No big surprise on the PC specs - although I ran across a rumor from a while back that Apple was going to put on-board AVC decoders into Macs ?

I looked at Ambarellas site -

There is some clues in there that point to AVC HP (same stuff DirecTV and BluRay are using) - didn't realize someone had an HP encoder totally in H/W



> "1/4 Pixel" motion compensation
> Multiple motion compensation block sizes
> Advanced intra-prediction
> Normative de-blocking filter
> ...


CABAC is in MP and HP but not BP
1/4 Pixel mocomp is only in HP 
Intra prediction is most likely HP - just because there are several sub profiles that are intra only - but the kicker is Intra-Only precludes CABAC so maybe it does HP and MP.


----------



## uscboy (Sep 5, 2006)

This is useful for a few different things, but if macrovision is enabled on the 
Component outputs of the HRXX model DVRs then it's far less useful. And given 
the current culture towards fair use rights, I have a feeling if the industry even 
sneezes DirecTV will flip the switch to on.


----------



## NCLou (Nov 14, 2003)

For those of you capturing the video through a TV card, do you use any software to create a DVD you can play in a standalone DVD player?

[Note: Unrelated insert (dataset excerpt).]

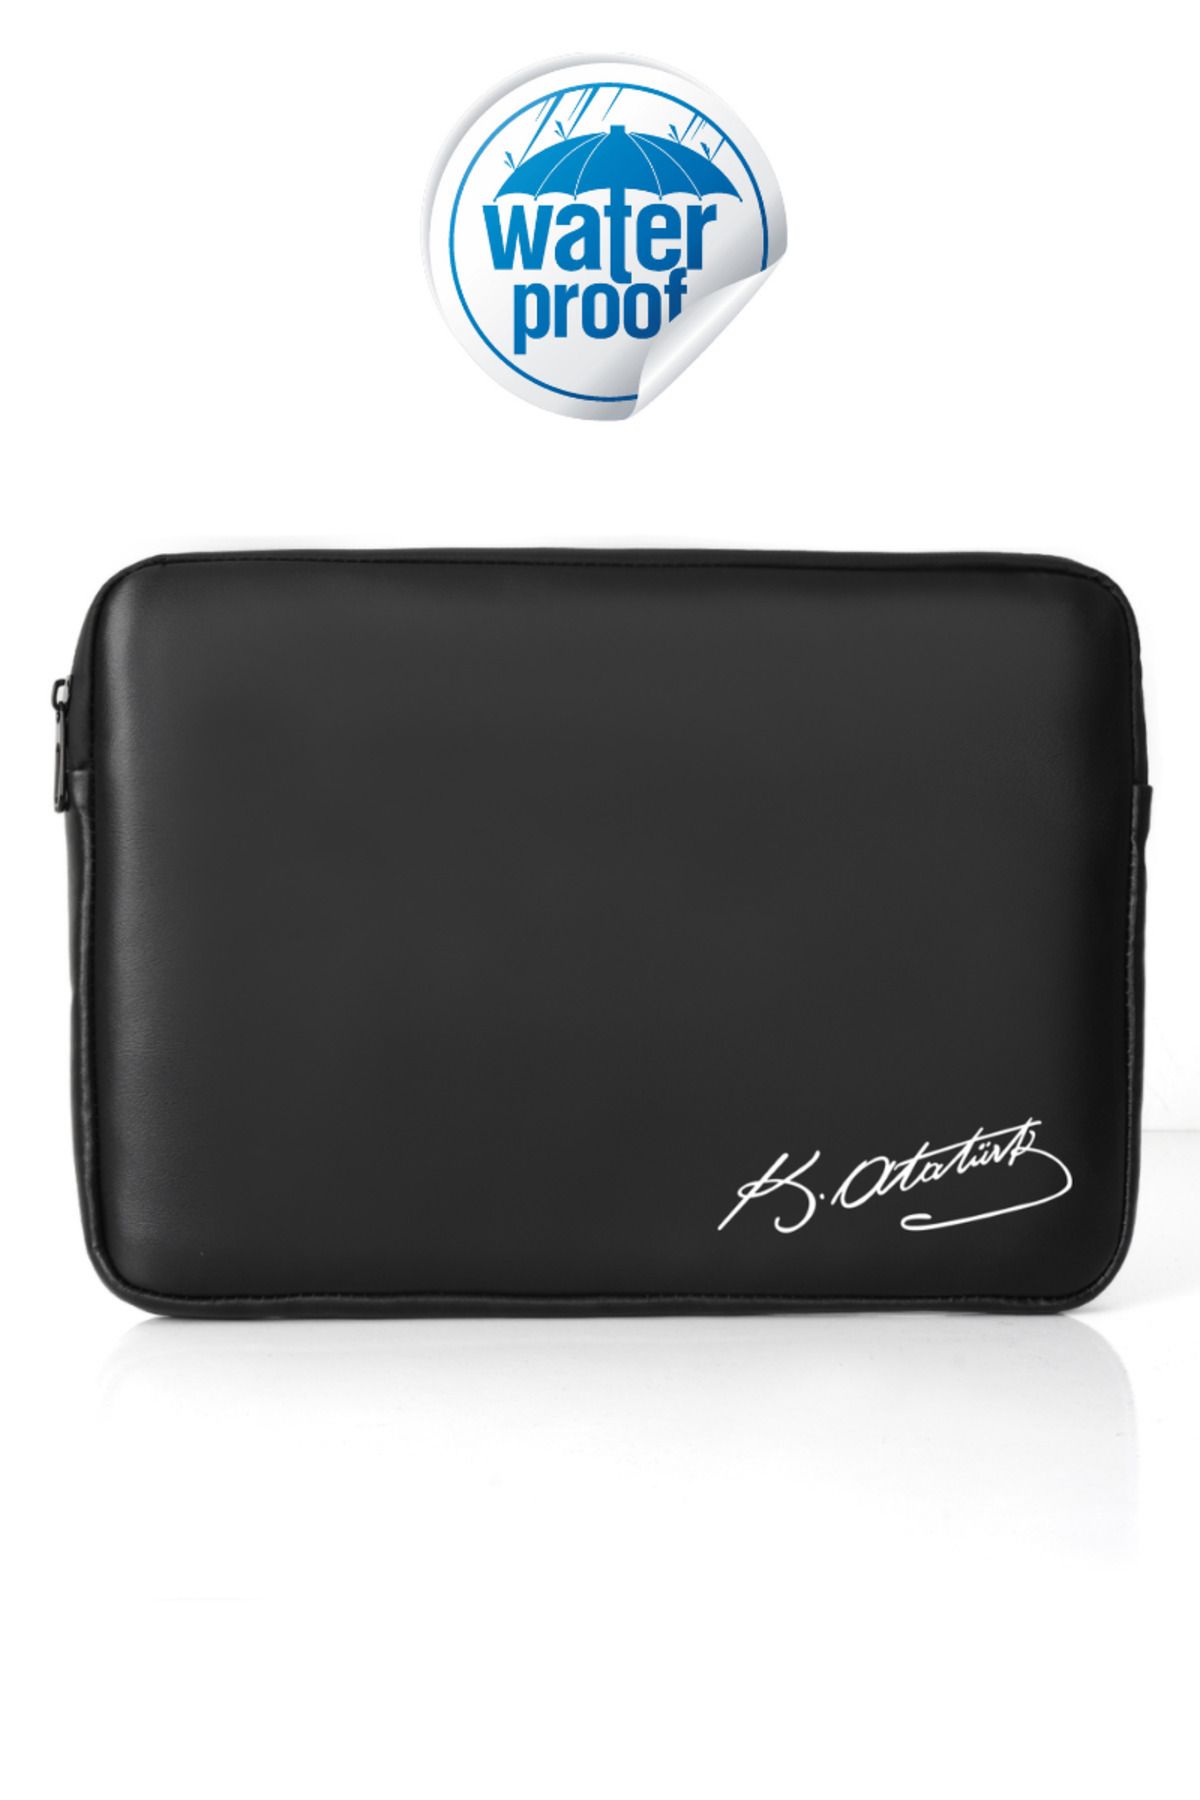 RELIANCE Macbook Air Ve Ultrabook 15.6 inç Uyumlu Su Geçirmez Kumaş Ve Fermuar Özellikli Kılıf

I capture AVIs with Virtualdub, but I am having a lot of trouble burning them to a DVD I can play in a standalone. Ideally I'd like to be able to put two or three on a DVD and have a simple menu.

Thanks.


----------



## uscboy (Sep 5, 2006)

Ulead DVD MovieFactory 6 is what I've used - very user friendly and a better 
MPEG encoder than other programs like VideoStudio.


----------